The police chief of Palmetto abruptly retired this month. His replacement? Rick Wells, son of Manatee County's former, but still powerful, Sheriff Charlie Wells.
Then there's Republican Party heavyweight Paul Sharff. Appointed by Gov. Charlie Crist as chairman of Manatee's Early Learning Coalition, Sharff is now the agency's $90,000-a-year executive director even though he is a once-bankrupt real estate investor who has no particular education experience.
And another organization that gets tax money, Manatee County Rural Health Services, has paid hundreds of thousands of dollars to businesses owned by its officers and directors. It also hired former Sheriff Wells and spent at least $1.7 million with a company whose officers included the daughter of Walter Presha, CEO of Manatee County Rural Health Services.

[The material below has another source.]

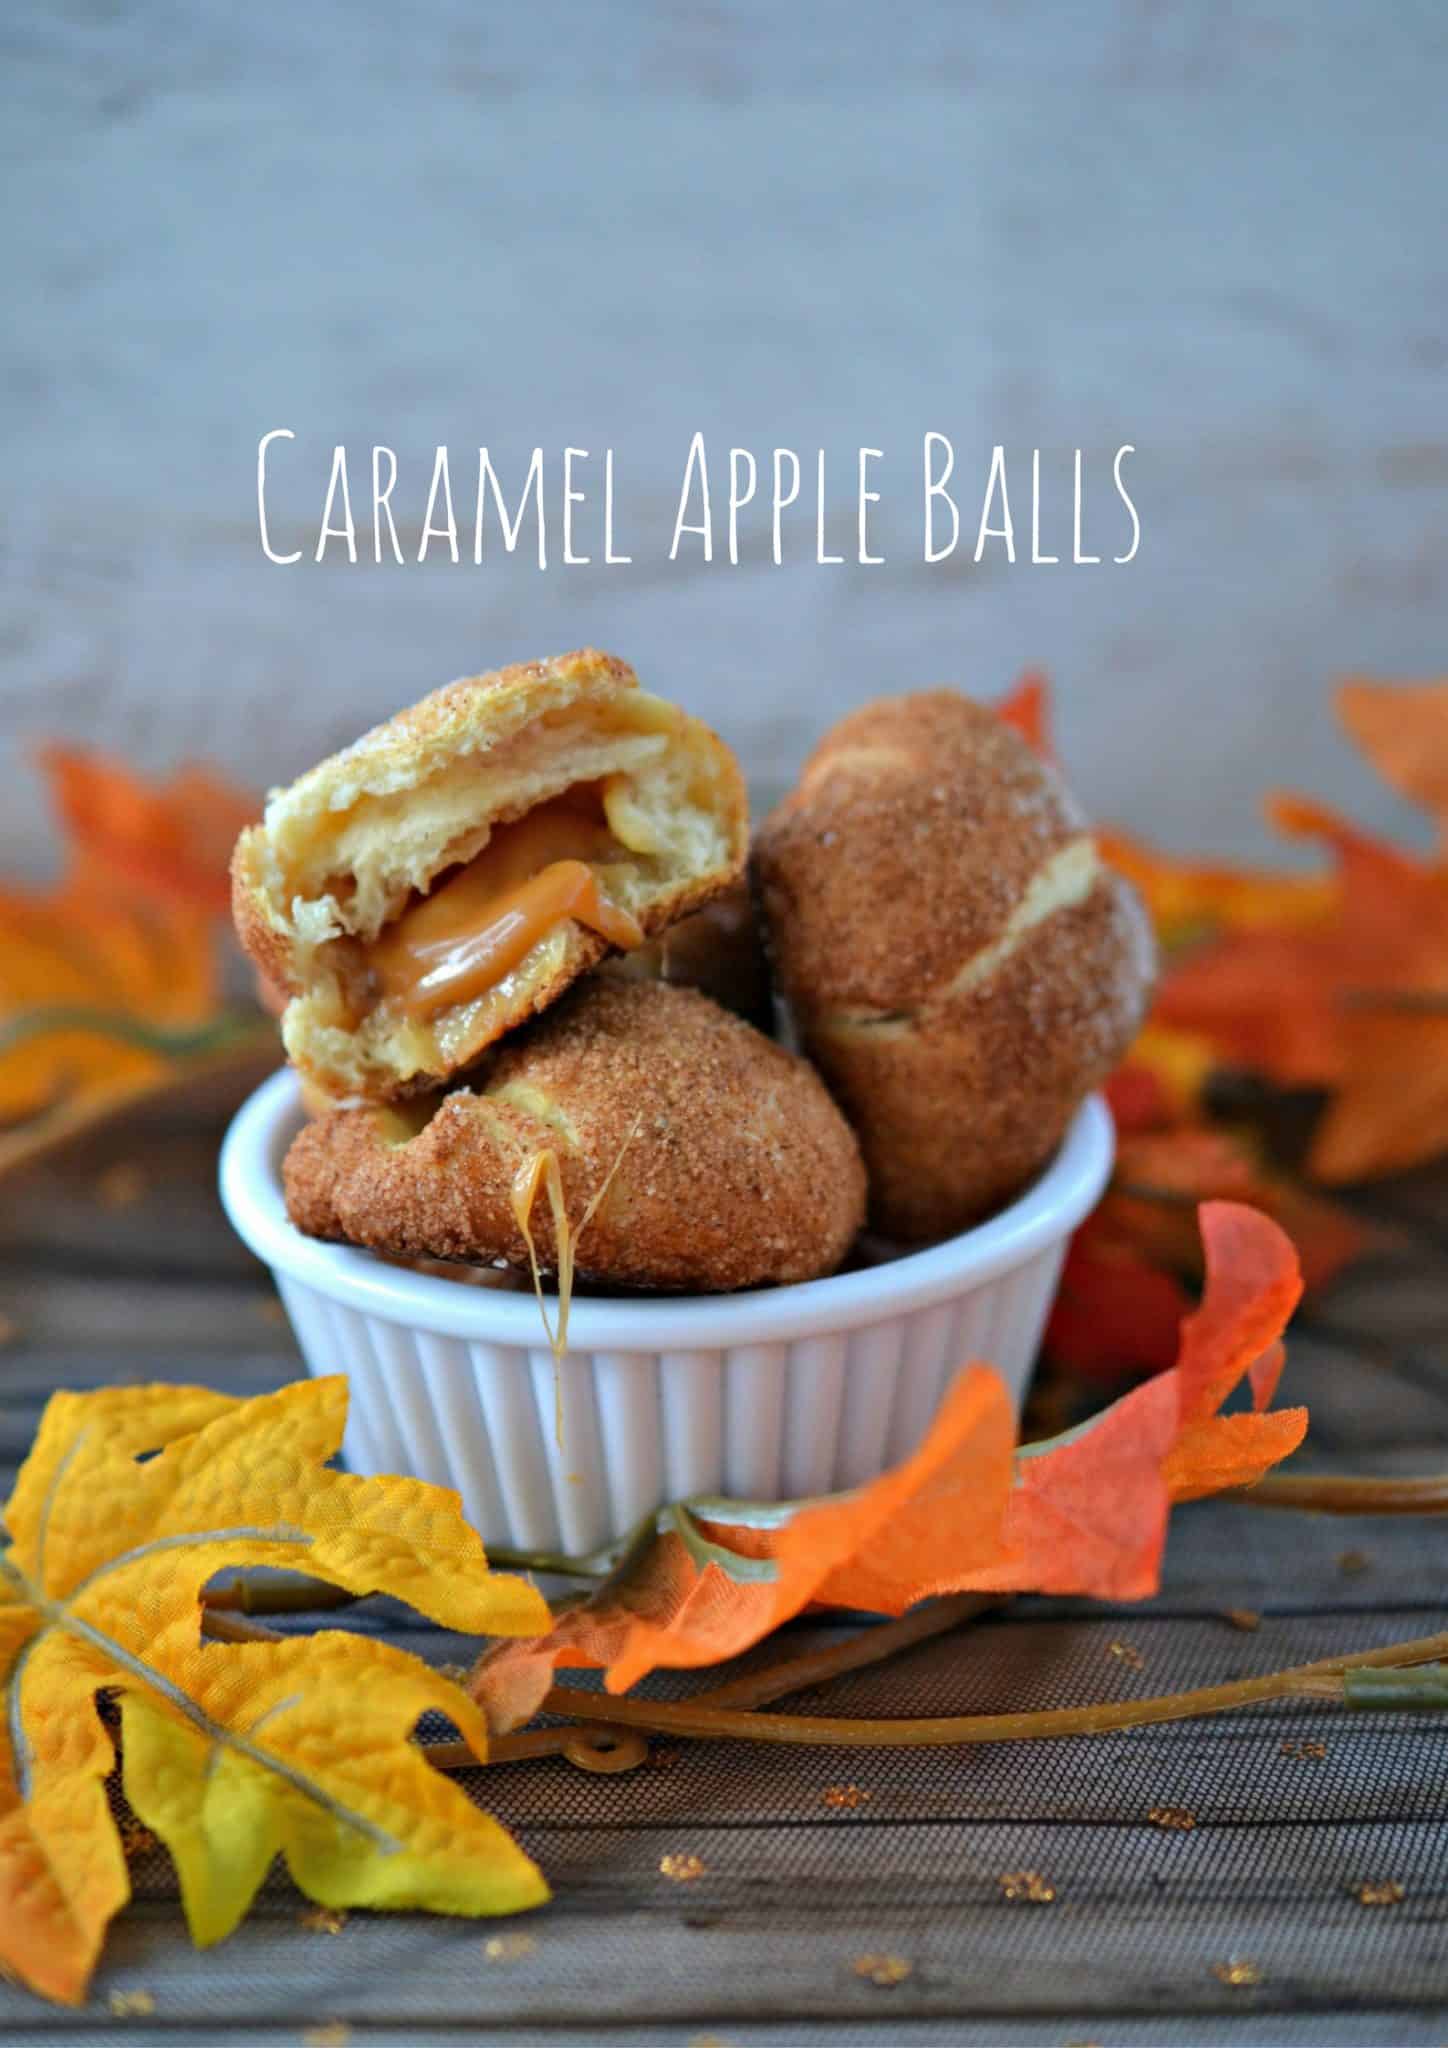 Dough balls filled with caramel and apples.

None of this comes as a big surprise to observers of the local scene.
"There is a good old boy club here,'' said Barbara Elliott, a Bradenton artist and community activist. "They have awesome power.''
With its fine beaches and easy driving distance to Tampa and St. Petersburg, Manatee has seen its population swell 20 percent, to 318,000, in the past decade. But it still has the feel of a place where decisions affecting many are often in the hands of a few.
The latest example came July 7 when Garry Lowe announced he was retiring after nine years as chief of the 52-member Palmetto Police Department. At the same hastily called press conference, Mayor Shirley Groover Bryant said her choice to replace him was the former sheriff's son.
It was the second time that Rick Wells, who has a high school diploma, had landed a plum job. Barely a month after his father retired in 2007, the new sheriff hired Wells, who had been a $52,000-a-year state trooper, and made him a $74,000-a-year lieutenant, overseeing crime prevention efforts.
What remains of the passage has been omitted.